I dont have any decor so its not that it is like taking over , just some random spots that it seems to grow like 2.5 feet down from surface and the coepods are on it 2 times as much as the green stuff that is normal .i figures it is because of something being in excess or a lack of something...

5 seconds with the mag float and its gone , but what & why im trying to figure out


----------



## AcidFear (Aug 19, 2012)

I noticed the same thing on my 90 gal the other day just looks like a red dot...

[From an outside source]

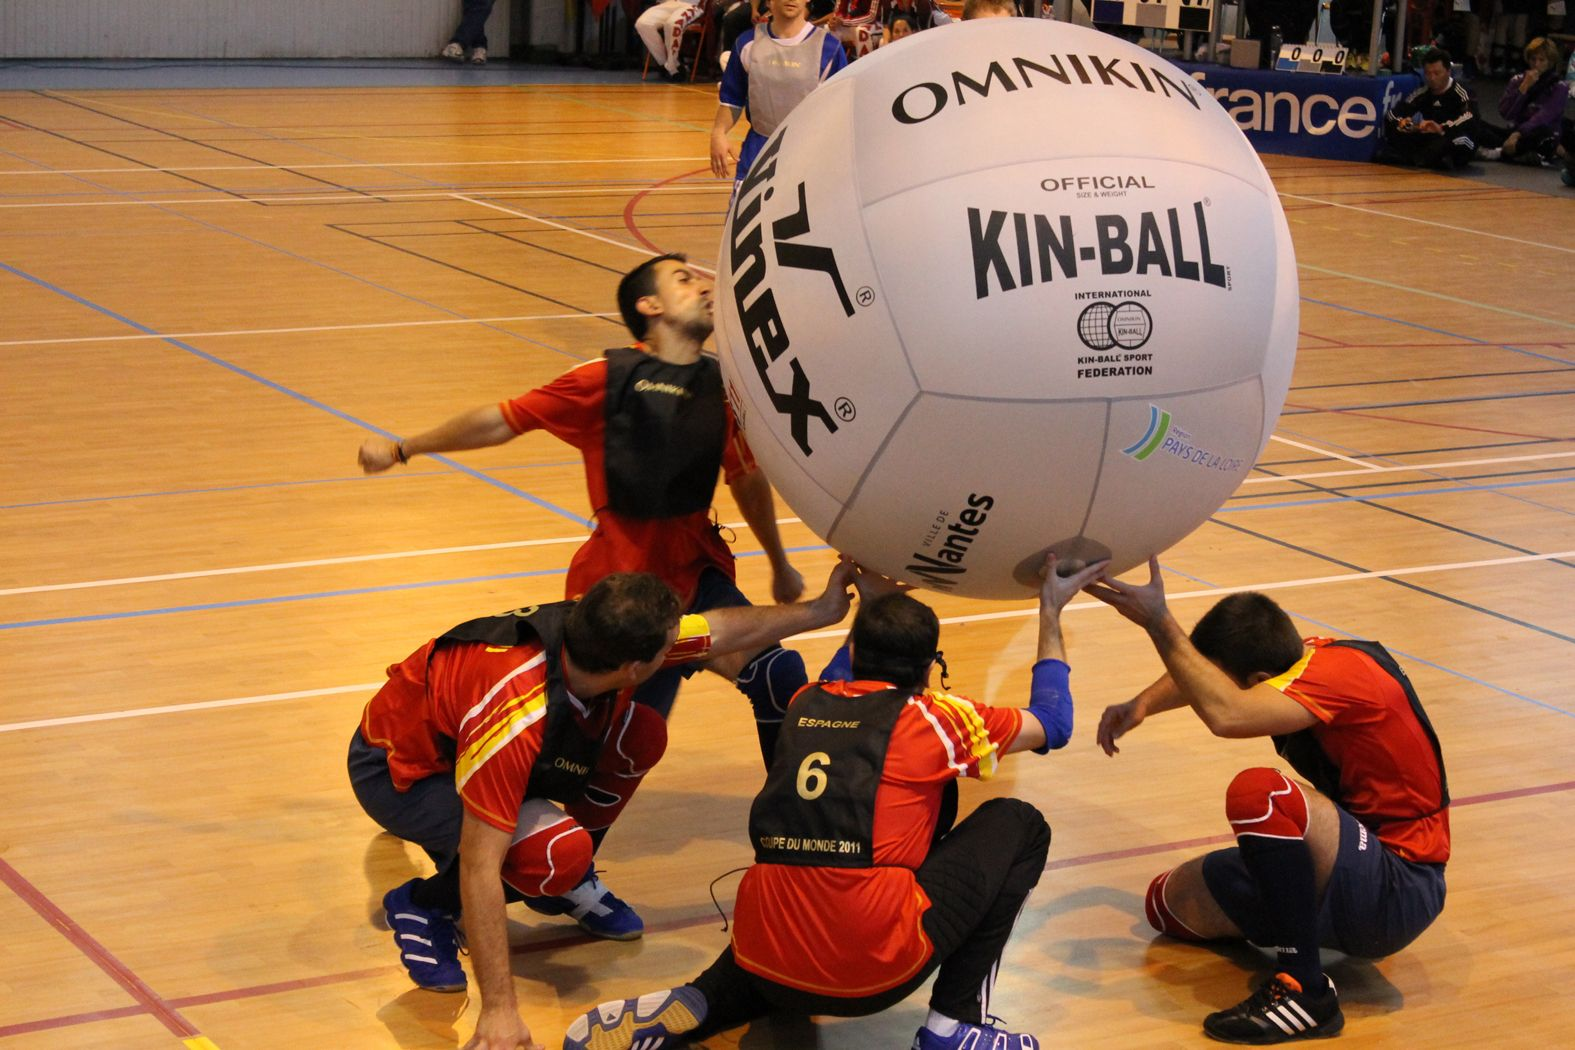 El Kinball

Sorry for the bad picture camera is not that great at close ups don't know why the tank looks so cloudy in the pic it doesn't actually look that bad in person


----------



## ThePhoenix (Jul 23, 2012)

brown algae is normal after a month in a new tank, maybe thats what youve got


----------



## macframalama (Apr 17, 2012)

no no no its like burgundy, not brown... i know what your talking about though, and my tank has been up over 12 months


----------



## Tazzy_toon (Jul 25, 2011)

black beard algae in my tank is sometimes a pretty red color when it starts to die and easier to eat.


----------



## macframalama (Apr 17, 2012)

no it is just flat on the glass, i guess im gonna have to try to get a pic, 

it look exactly the same as standard green algae that grow on the glass, but it is burgundy , not fuzzy or any of that , and it is randomly placed but it seems to be in the lower regions more than the top


----------



## Tazzy_toon (Jul 25, 2011)

yup, a pic would probably help.
I have all the other algaes on my tank. bba, green spot, brown spot, i had a little of the blue green algae in m frog tank, but it cleared up after a few large water changes, but not the kind you are talking about.


----------